(Required action) Everything in the listing below must be reproduced exactly, apart from its images.

(Collected material)
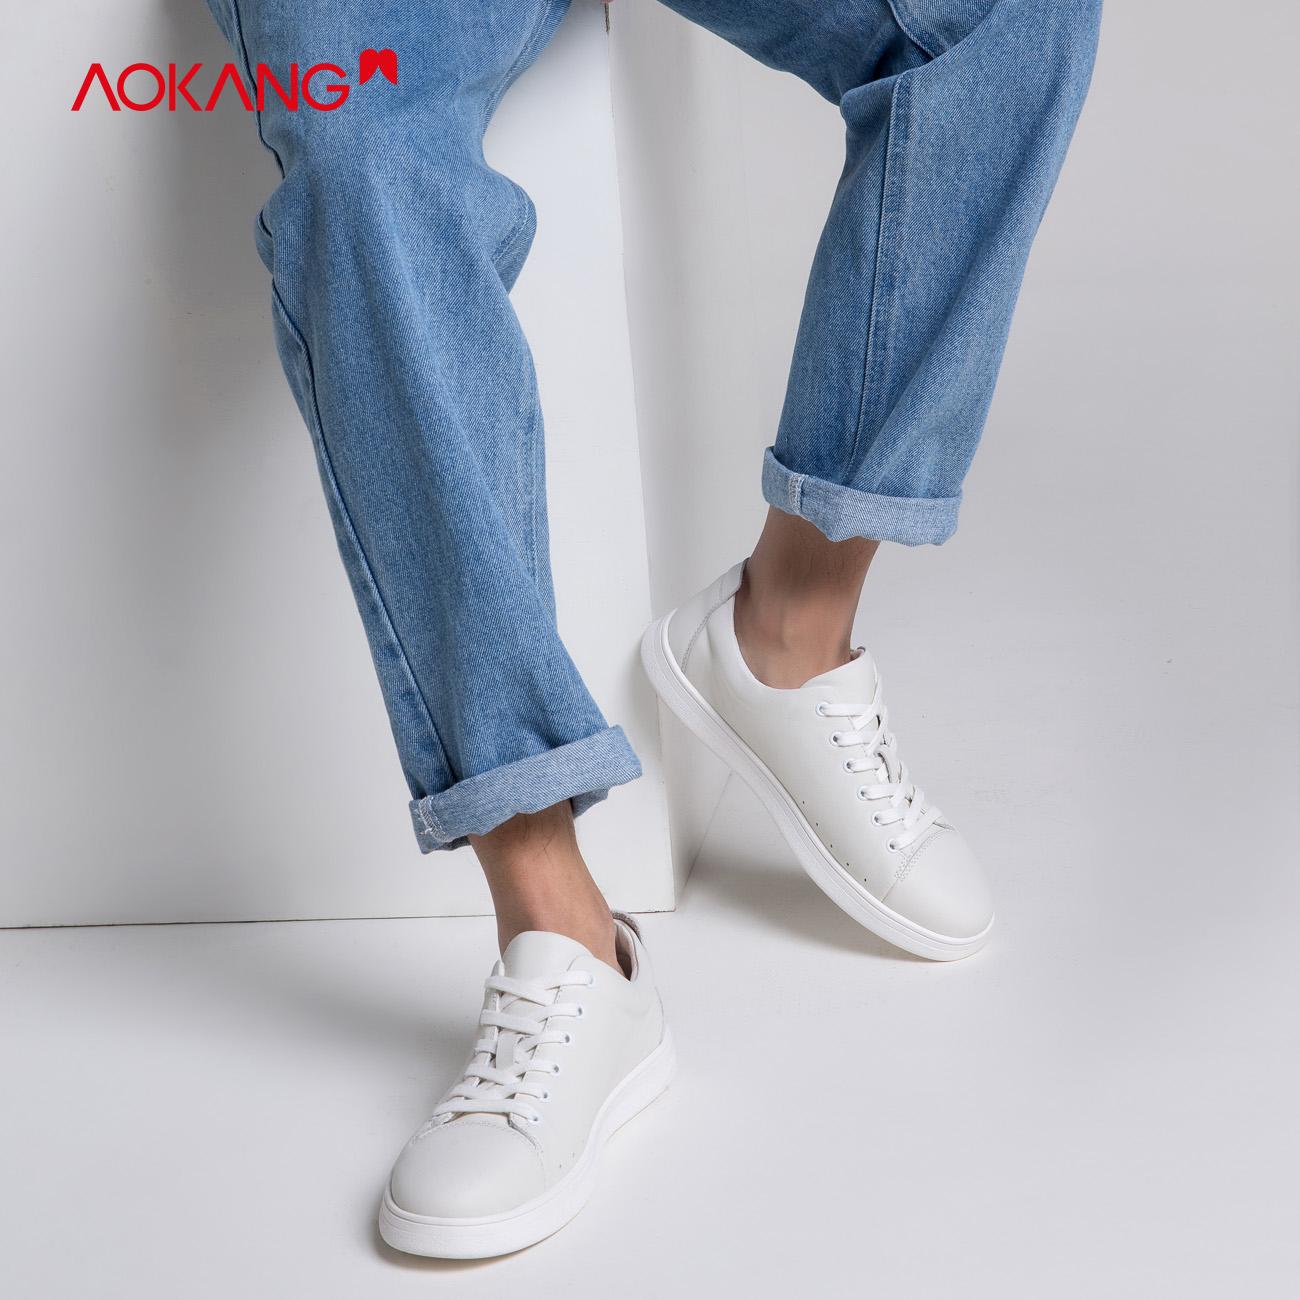 奥康男鞋 2020春季 新款板鞋牛皮革皮面小白鞋舒适休闲鞋子男潮鞋
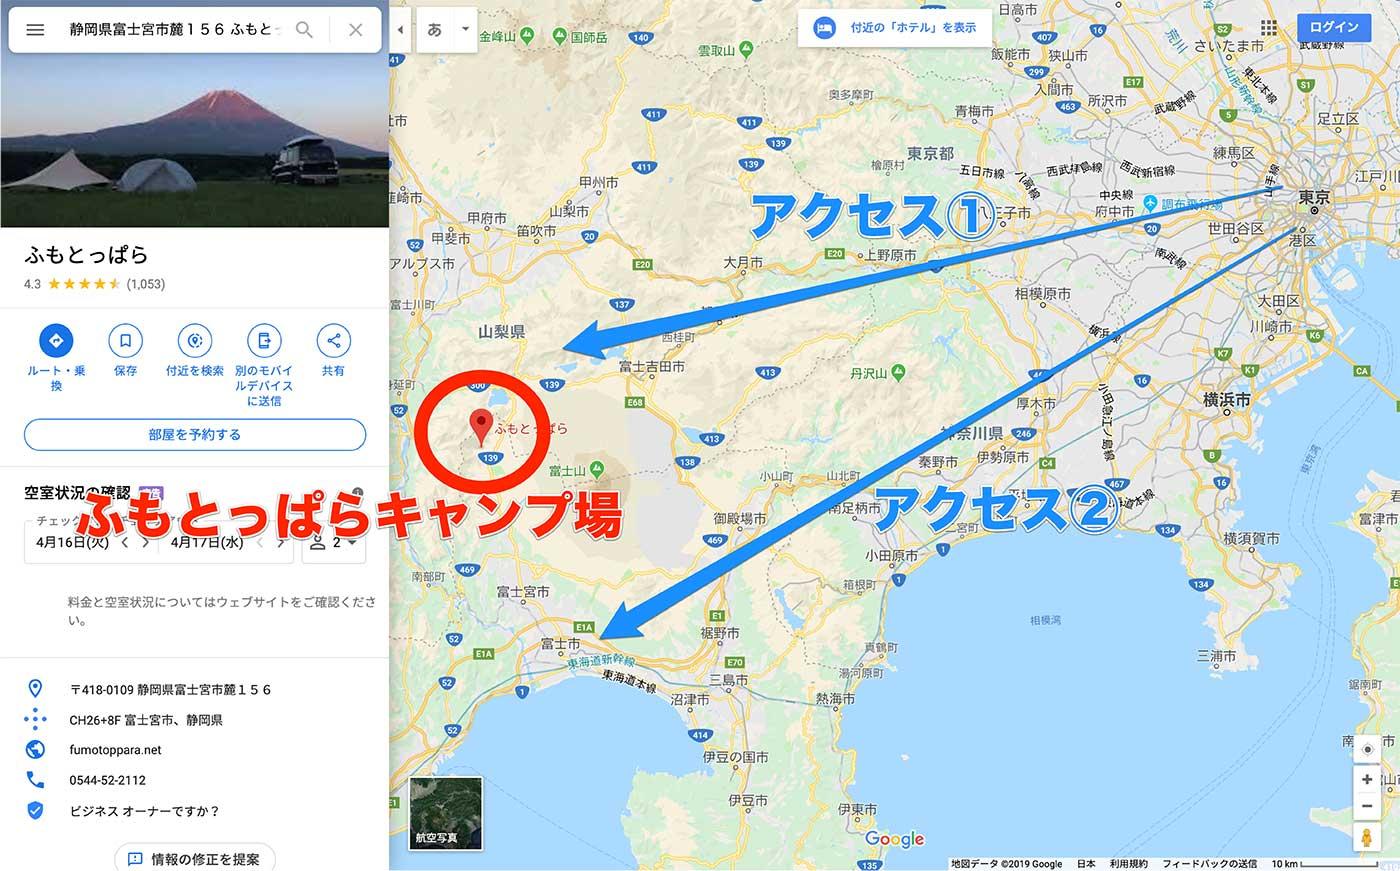 東京からふもとっぱらキャンプ場へ行く方法
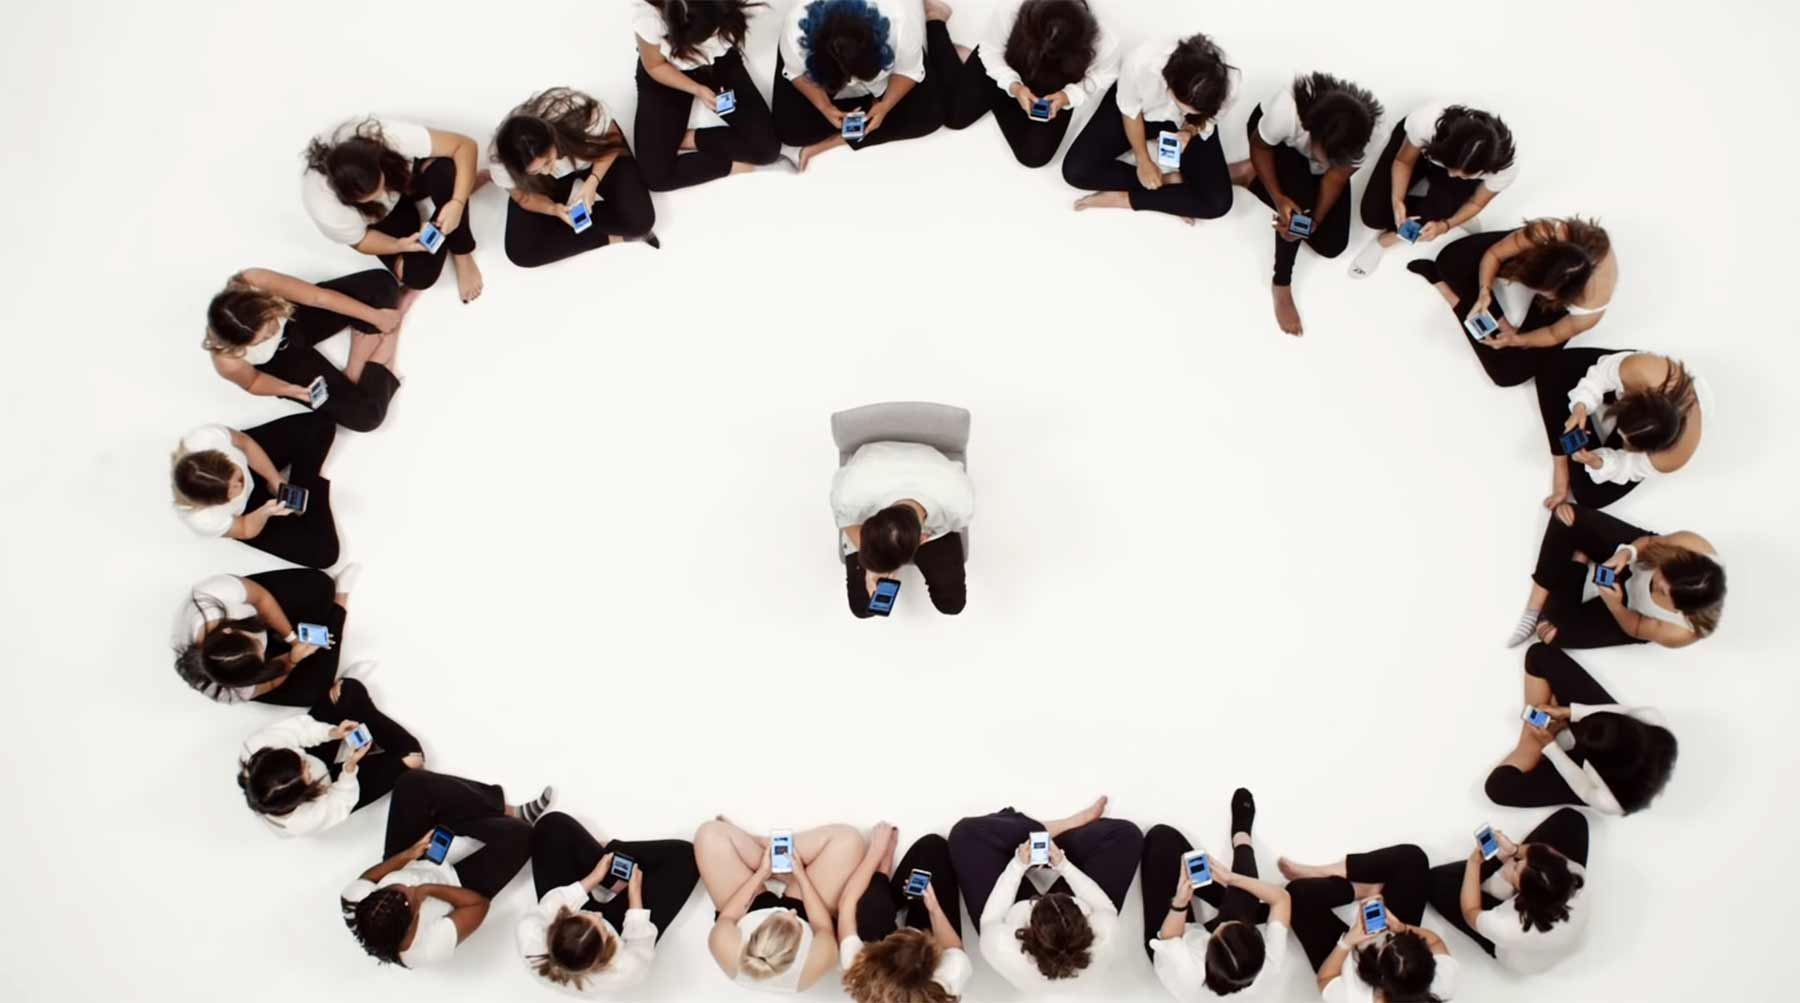 Ein Mann textet mit 20 Frauen, die um ihn herum sitzen

(Solution for this problem)
 奥康男鞋 2020春季 新款板鞋牛皮革皮面小白鞋舒适休闲鞋子男潮鞋
 東京からふもとっぱらキャンプ場へ行く方法
 Ein Mann textet mit 20 Frauen, die um ihn herum sitzen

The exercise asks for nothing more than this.